Details

    • Type: JEP
    • Status: Draft
    • Priority: P3
    • Resolution: Unresolved
    • Fix Version/s: None
    • Component/s: hotspot
    • Labels:
    • Author:
      Thomas Stuefe
    • JEP Type:
      Feature
    • Exposure:
      Open
    • Subcomponent:
    • Scope:
      JDK

      Description

      Summary

      Promptly return unused Metaspace memory to the operating system and reduce Metaspace memory footprint.

      Goals

      • A more elastic Metaspace. It should recover from usage spikes much more readily, returning memory to the operating system after class unloading.
      • Reduced Metaspace memory footprint
      • A cleaner implementation which is less difficult to maintain

      Non-Goals

      This proposal does not touch the way compressed class pointer encoding works or the way the compressed class space is implemented.

      Motivation

      Preface

      Class metadata live in non-java-heap, native memory. Their lifetime is bound to that of the loading class loader.

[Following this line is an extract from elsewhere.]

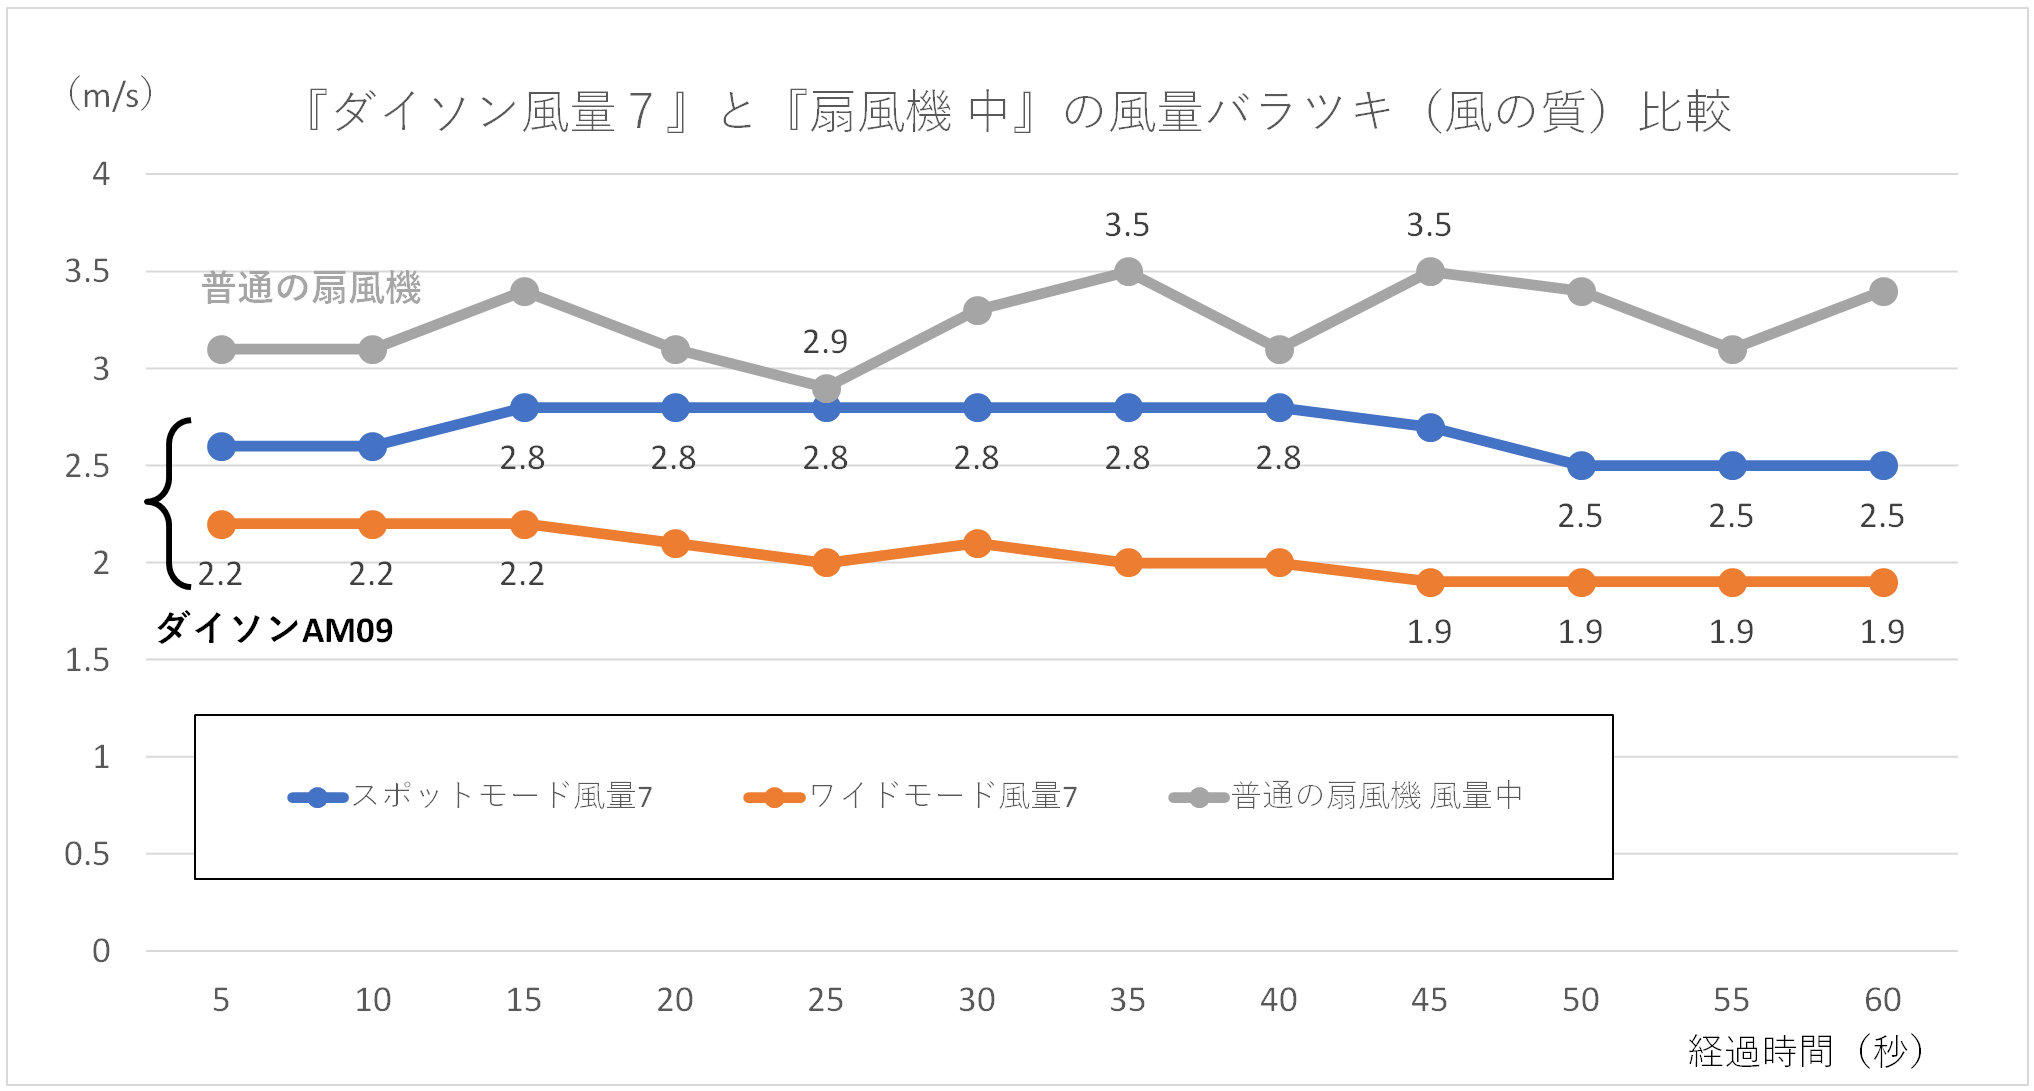 『ダイソン風量7』と『扇風機 中』の風量バラツキ(風の質)比較のグラフ

      At the lowest level, memory is reserved from the OS, committed as needed, and handed out in chunks of varying (larger) sizes to the class loader. From that point on, these chunks are owned by the class loader. The class loader does simple pointer bump allocation to serve metadata allocation requests from these chunks.

      If the current chunk is exhausted - its leftover space too small to serve an incoming metadata allocation - a new chunk is handed to the class loader and allocation continues from that new chunk. The current chunk is "retired" and the leftover space squirreled away for possible later reuse.

      When the class loader is unloaded the Metaspace memory it accumulated over its lifetime can be freed: all its chunks are returned to the Metaspace allocator. They are added to a freelist and may be reused for future class loading. The Metaspace allocator attempts to return memory to the OS; however, this heavily depends on Metaspace fragmentation and rarely works.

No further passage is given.